Steve McAllister is a local artist, musician and activist, who always has his hands in one project or another.
He’s lived without money, traveled the country as a homeless person and helped form the alternative currency system, called the Common Wealth Time Bank in Sarasota. Most recently, he’s coined the term “reverse panhandling,” and is in the process of developing his Flow Factory, which he hopes will support healthy living and community development.
Where are you from, originally?
I was born in Sarasota, so I’m a native, but I’ve been to about 44 of the states for at least some period of time.
What about Sarasota drew you back?
Of all the places I’ve been, it had the most of what I want to be comfortable. It’s near the water, which I’ve always found important. It’s healing and life sustaining, and it feeds me, creatively. I also enjoy Sarasota’s celebration of the arts, and I like the community.
You always seem to have a lot of ongoing projects. How would you describe yourself?
I would say I’m a Renaissance man. Essentially, I’m a writer, and that’s what I find most empowering. But, I try to be a complete person, and at this point in time, we all sort of need to be Renaissance people. We’re going through a shift, and nobody can really just do one job, anymore.
You lead a different type of lifestyle than many people are used to. Have you always been this way?
I’ve always been a little different. I’ve prided myself in being able to do many different jobs. I’ve been a Disney puppeteer, a taxi driver, a stunt man, an actor and a production assistant at a winery. There came a point when I realized it wasn’t just me who was having financial issues; it was something we all were dealing with, as a country. So, I allowed myself to be malleable. Money isn’t essential to life. It’s one tool we can use, but there’s so much more.
What is the biggest local issue in which you’re interested?
Lately, it’s been the homeless issue. When we’re called the unfriendliest city to homeless people, that doesn’t sit well with me. I was raised with religion, and I have a reverence for the gospel. I think it’s important we care for those people, and as a community, I feel we’ve fallen short.
How would you like to see the issue addressed?
For a lot of these people, there is a lot of limitation and an inability to participate in life. They need opportunities. I want to use my space to facilitate classes and teach people trades and different ways to do things. I’d love to teach them to grow seedlings here, which, in turn, they can sell, instead of panhandling. I want to empower people.
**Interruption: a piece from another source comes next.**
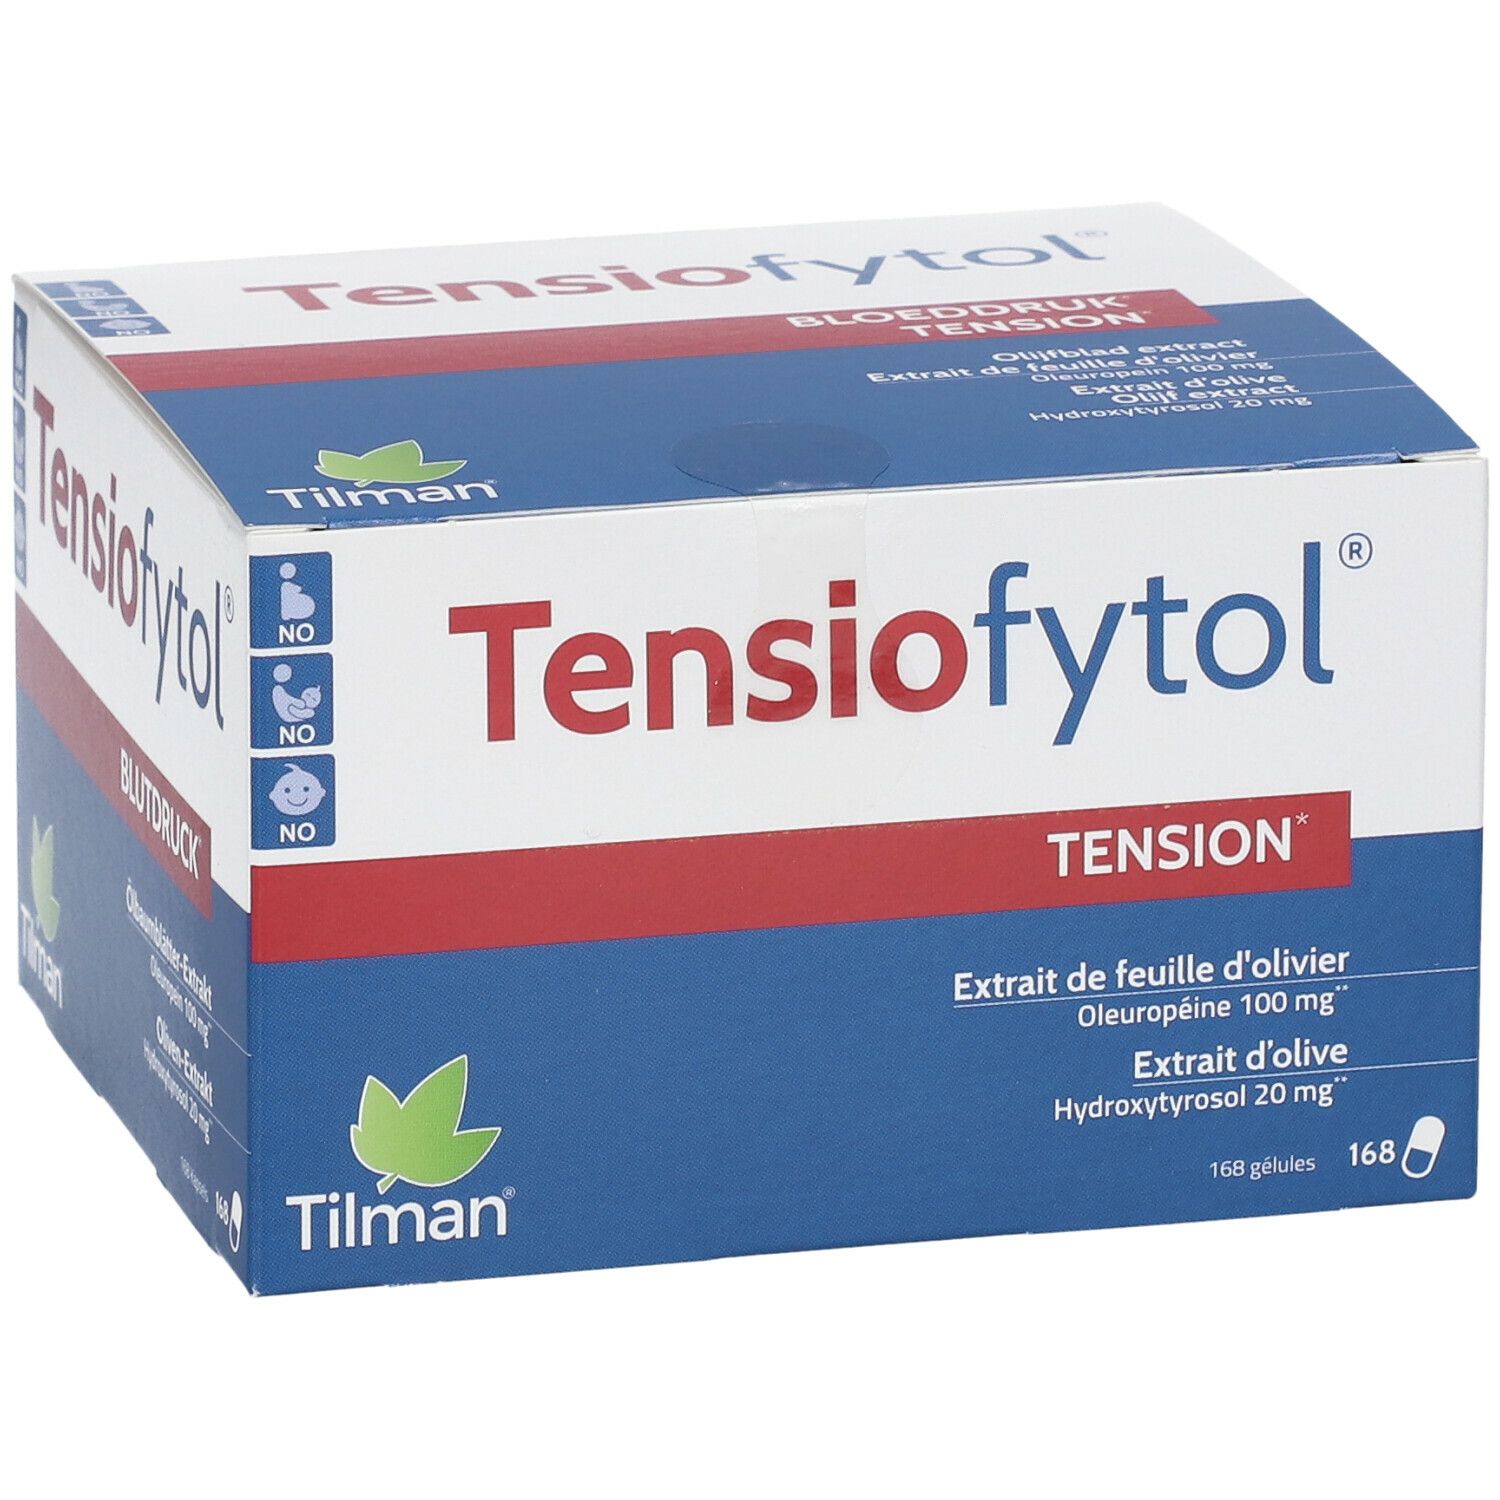 Tilman® Tensiofytol®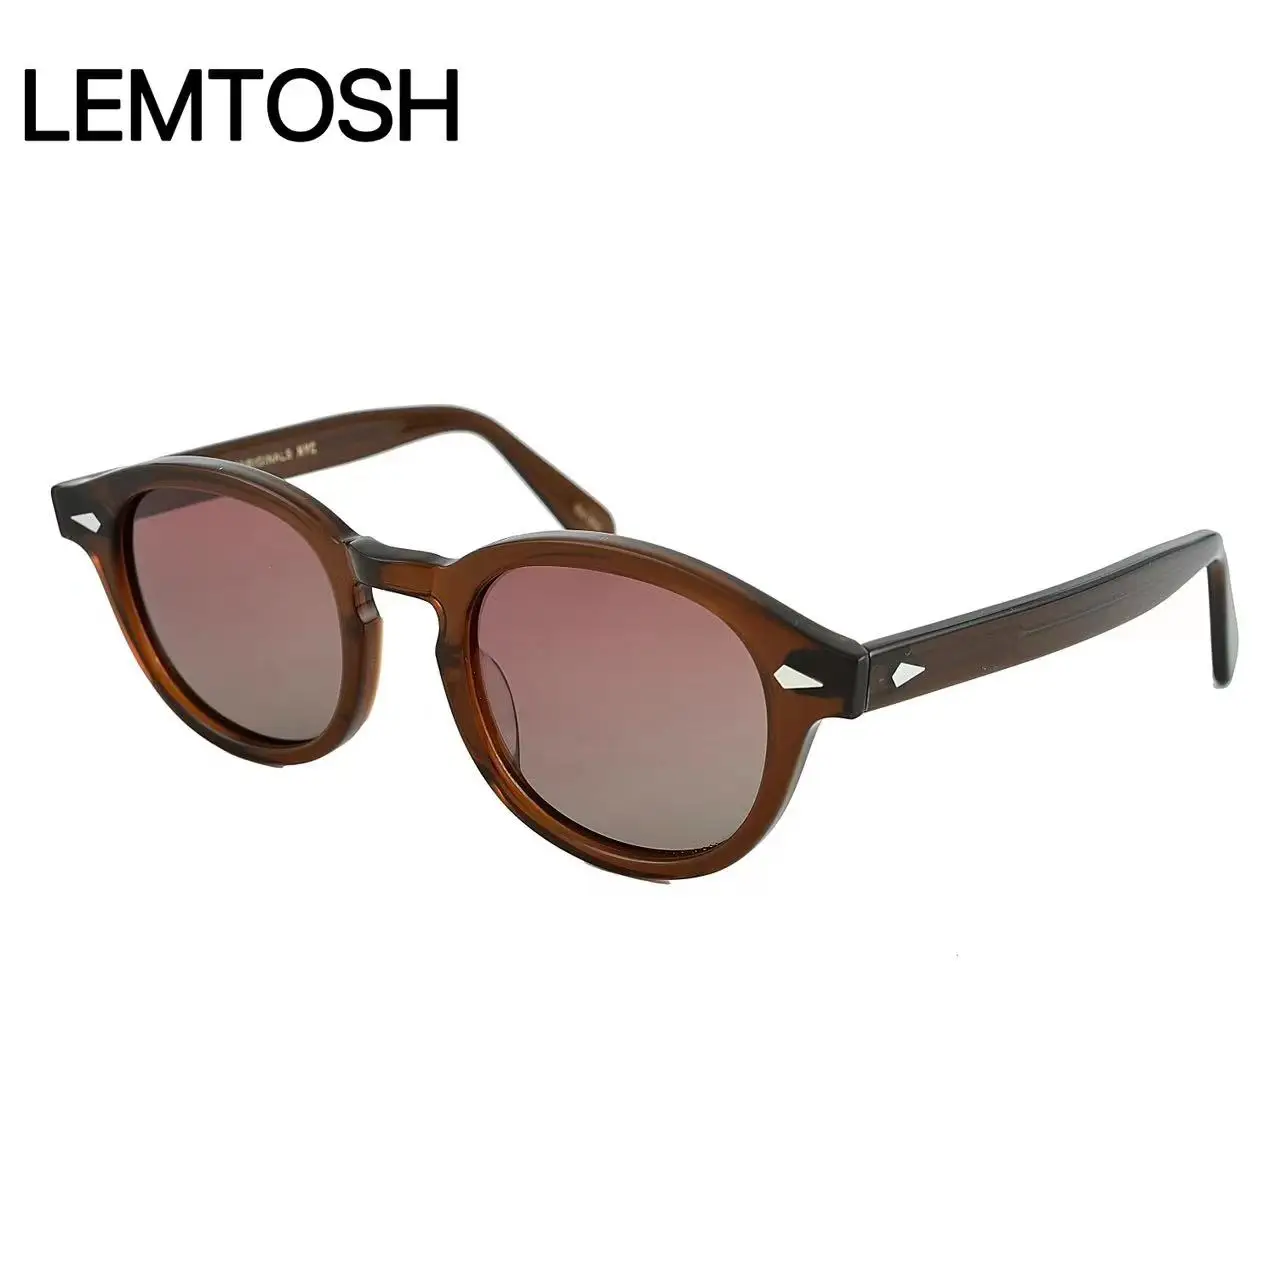 

Authentic MOSCOT LEMTOSH Johnny Depp Brown Frame Men Women Sun Glasses Retro Classic Fashion Male Couple Eyewear With Case

You spent a period of time living without money or a home. How did that influence you?
In the summer of 2011, I decided I didn’t want to use money anymore. We started Transition Sarasota and the Common Wealth Time Bank to create an alternative currency. Today, there are 260 members.
How does a time bank work?
Instead of money, time is your currency. Donating an hour of service earns you one time dollar, which you can exchange for other services. It builds a stronger sense of community, too. I like not using money. It’s more fun.
How have people responded to the Common Wealth Time Bank?
So far, people have liked the ideas, but we’ll have to see how it plays out in the real world.
Recently, you began something you call “reverse panhandling.” What is it, exactly, and where did the idea come from?
The idea came from a few places, actually. It was sort of inspired by Bob Dylan’s video for “Subterranean Homesick Blues.” But, panhandling has been a big issue here lately. I tried it once when I was in California, and it’s a miserable job. There are a lot of better ways to make money than to panhandle. I would never do it for money, but I thought I could do something fun and expressive with it. So instead of asking for money, I wrote positive messages on signs and gave people something. It put a lot of smiles on people’s faces.
Describe your perfect Sarasota.
I’d like to see people eating a lot more local food and our local artists sharing ideas. I think we could reignite our circus heritage that way. Mostly I’d like to see people move past the politics they’ve been mired down in, and I’d like to see more consensuses among people.